Updated on April 12, 2015

It's so lonely here without you.

Keeping the long distance love alive

Yes, they can be difficult, and not without their fair set of challenges, but with a little imagination you can bridge the divide and keep the connection going when you are miles or oceans apart.

Now just a telephone call is no longer your only option, we have VOIP, Skype, emails, and one of the instant messenger programs, such as is used by Apple iPhone.

Instant video, as long as it’s short, can be compressed and sent via your phone. You can really be creative here and record random snippets of your life, or sit and talk to him as though he is with you. It doesn’t matter what you use, it must just help your partner feel your love.

Whatever the circumstances of why your relationship is long distance, such as; working somewhere else as that’s the job offer or where the work is, perhaps they are in the Army, or perhaps it's someone you met on an Internet dating site; there will be times when you question your sanity, or you may find yourself questioning the choice you made and the future you have committed yourself to.

Single, yet not

Although you have this person with whom you are planning a future, you are living the single life, you sleep alone, shop alone, eat alone, and your friends don’t entirely get it if the distance state of affairs goes on for too long.

There are many things you can still do 'together,' such as both getting the same movie and planning a time to sit down and watch it together. Read the same book then discuss about it, or set a reminder to go off every day at the same time as your partners – and at that time you both know that the other is thinking of you.

What is like to be in a long distance relationship? BuzzFeed Yellow

Trust and maintaining closeness

In any relationship, trust is a big thing and in long distance relationships it can be crucial. Perhaps you're sitting in, and your partner says he is going out with friends that night, you may be tempted to interrogate your partner.

Remember the distance will not make a difference if you both want the relationship, however, as with any relationship, it will break up if either of you meet someone better, whether your partner is across the road or on another continent.

Make sure you are honest with your partner and don’t let them have concerns or trust issues. Enjoy your social lives, and when you ‘with’ each other discuss your goals, your future together, and support and encourage each other.
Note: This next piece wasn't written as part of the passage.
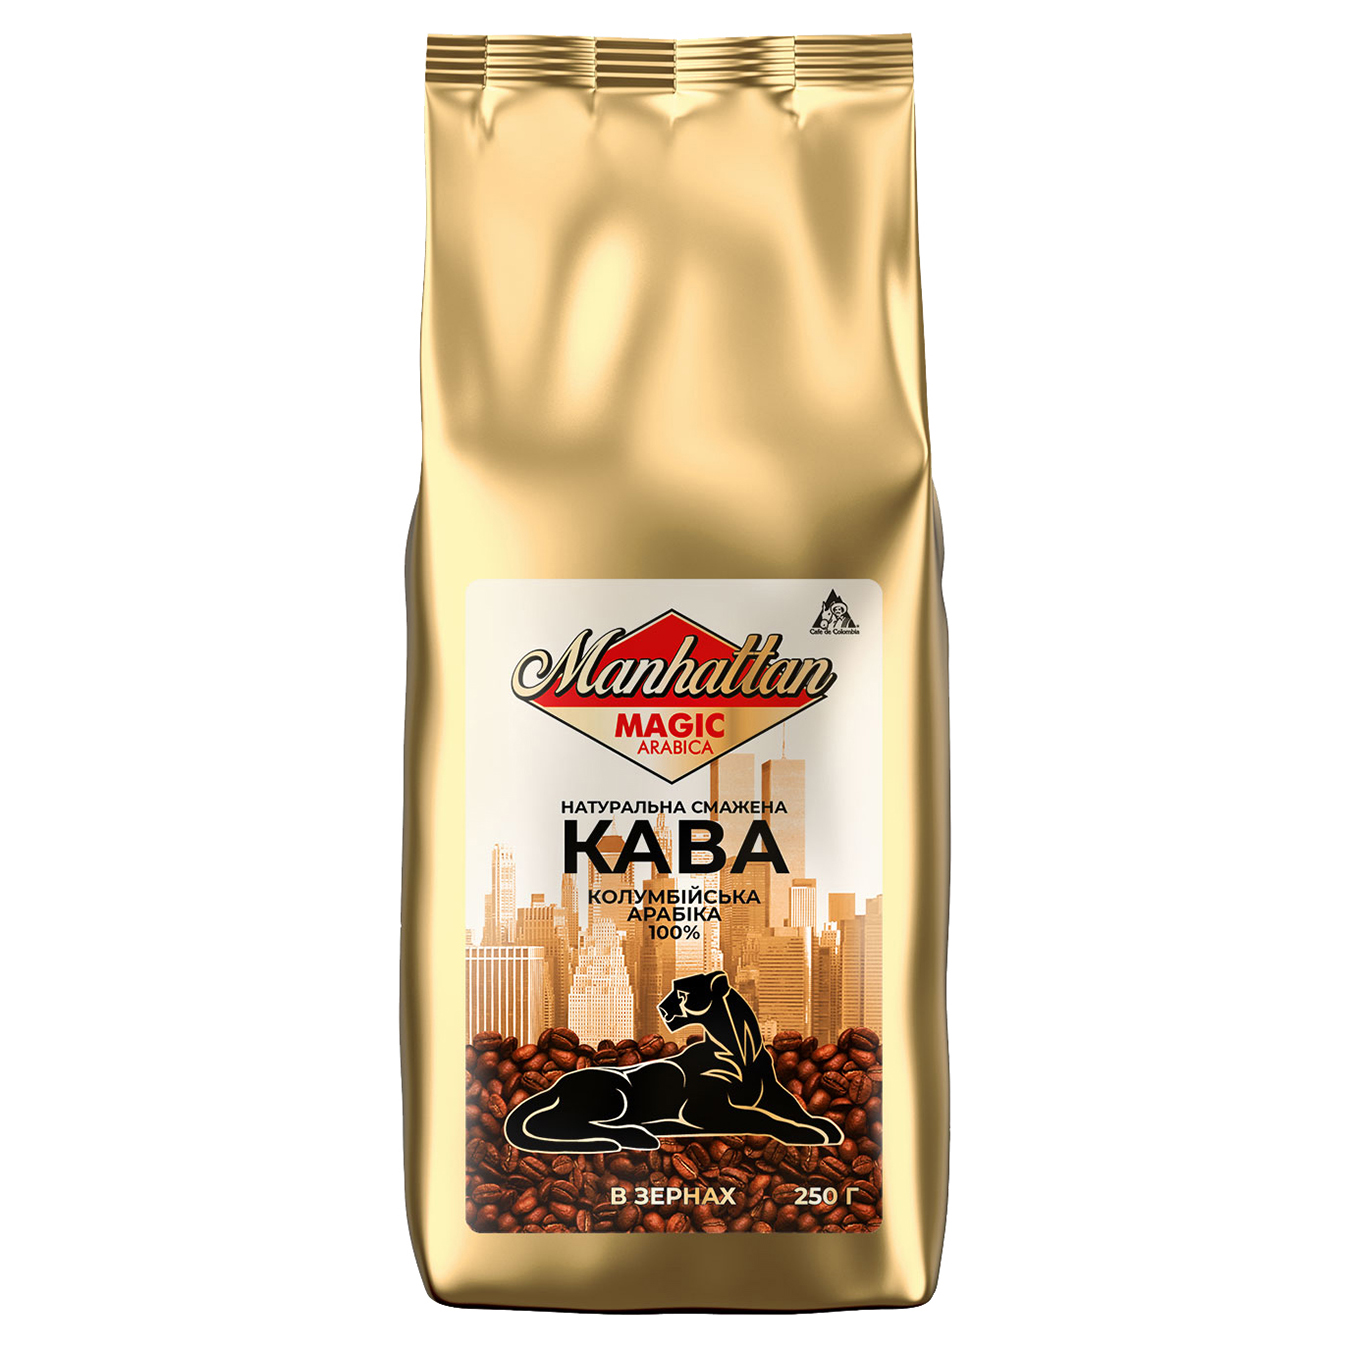 Manhattan Arabica Natural Roasted Coffee Beans 250g

Visit as often as possible, and ensure that you have all the physical time to show your mate how much you have missed them. Mentally, you know you are a good match because you do a lot of talking, but the physical touching, hugging, kissing and loving needs to be met, and as it is so infrequent, it makes it new and exciting each time, and you are less likely to take it for granted.
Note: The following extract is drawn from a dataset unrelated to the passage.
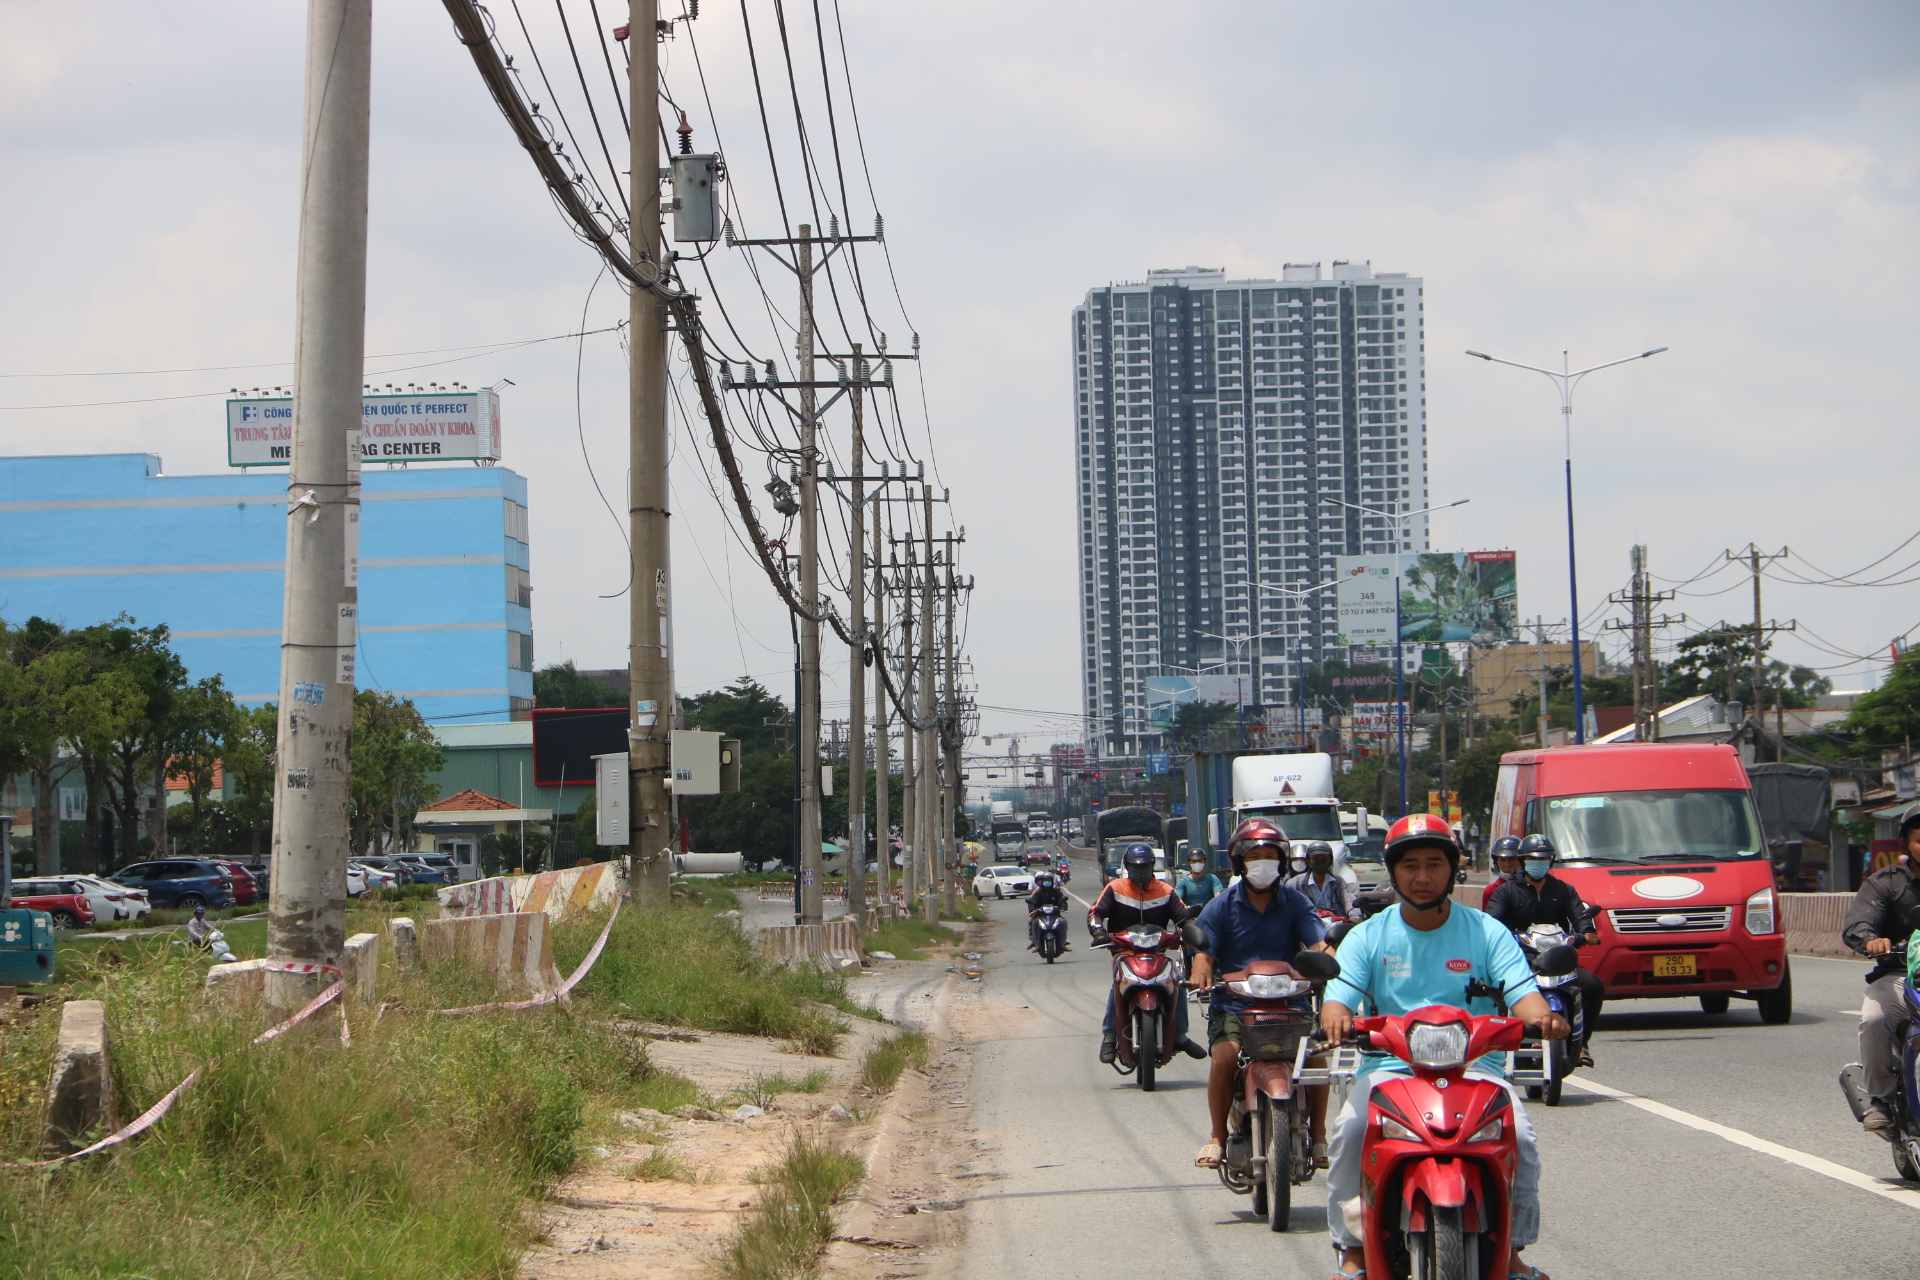 Đây là công trường dự án nâng cấp mở rộng Quốc lộ 13 đoạn qua thành phố Thuận An, tỉnh Bình Dương. Dự án đã được khởi công đến nay là 16 tháng. Tuy nhiên công tác giải phóng mặt bằng vẫn chưa thực hiện xong đ

When you grow old together and the physical aspect becomes mostly hugs, kisses and hand holding, your relationship won’t founder as its built on communication, deep affection, trust, and mutual respect.

Learn Something New

Perhaps while you are apart, you could learn or take up something you have always wanted to do, but didn’t have the time?

What have you always had a secret desire to do? Now is the time to do it. Would you like to write a book, illustrate a book, learn photography or perhaps take a course in adult education or something that will improve your education and job prospects.

Cooking classes, learn how to paint, a sport of some sort – any of these extra things add a new dimension to your life and will enhance your happiness and self-satisfaction.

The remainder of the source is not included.